Abres el diario y al llegar a la página 3 ya llevas un mosqueo de dos pares. Piensas: Si en la página 3 estoy así, puede ser que al llegar a la sección de economía ya tenga un trastorno bipolar grave, de los chungos, no de los que decía
aquella, sino mas bien de aquellos en los que una de tus personalidades quiere matar a la humanidad y la otra te dice "no lo hagas..". Así que decido cerrar el periodico, contar hasta cien y prepararme un café. Después del café abro de nuevo el diario, esta vez empezando por la contraportada. Leo que al
power ranger rojo lo condenan a muerte y por un asesinato de esos que llevan la coletilla de "premeditación y alevosía". Joder, hasta los superhéroes caen en desgracia: Superman, en una silla de ruedas, el power ranger, en otra silla.... Con la de veces que habíamos jugado de pequeños a ser superhéroes y resulta que todo era una gran mentira. Como lo del tribunal penal internacional, ese tan bonito que iba a juzgar los crímenes de lesa humanidad, y que resulta que solo sirve, como dice el gran
Ignacio Escolar , "para meter en la cárcel a negros y sudacas", porque como seas blanco, occidental y presidente de un pais de los que importan, aquí todo el mundo se lava las manos, mira para otro lado, silba y santas pascuas.
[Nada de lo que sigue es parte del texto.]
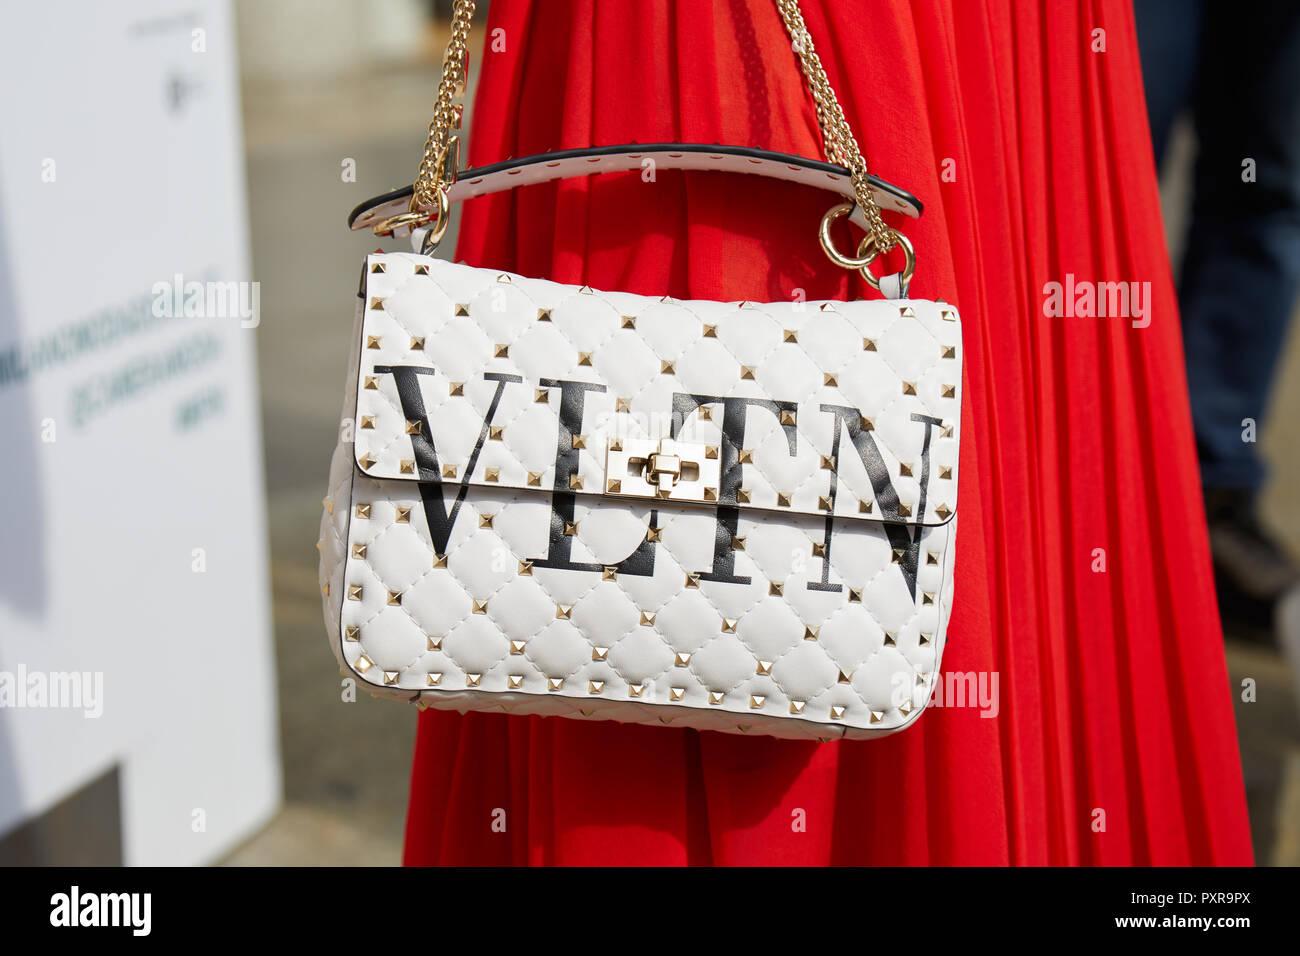 MILAN, ITALIE - 22 septembre 2018   Femme avec jupe rouge et blanc sac  Valentino c6aec5b2086

Así que después de este nuevo cabreo, decides cerrar el periodico, apelas al artículo 20 de la constitución, el que ampara la libertad de expresión, te sientas delante del ordenador y vomitas toda tu mala leche en forma de artículo. Y les gritas "A fer la mà", como dicen mis vecinos del sur. Y una vocecita en tu interior dice: que no lo lea Garzón, que no lo lea Garzón...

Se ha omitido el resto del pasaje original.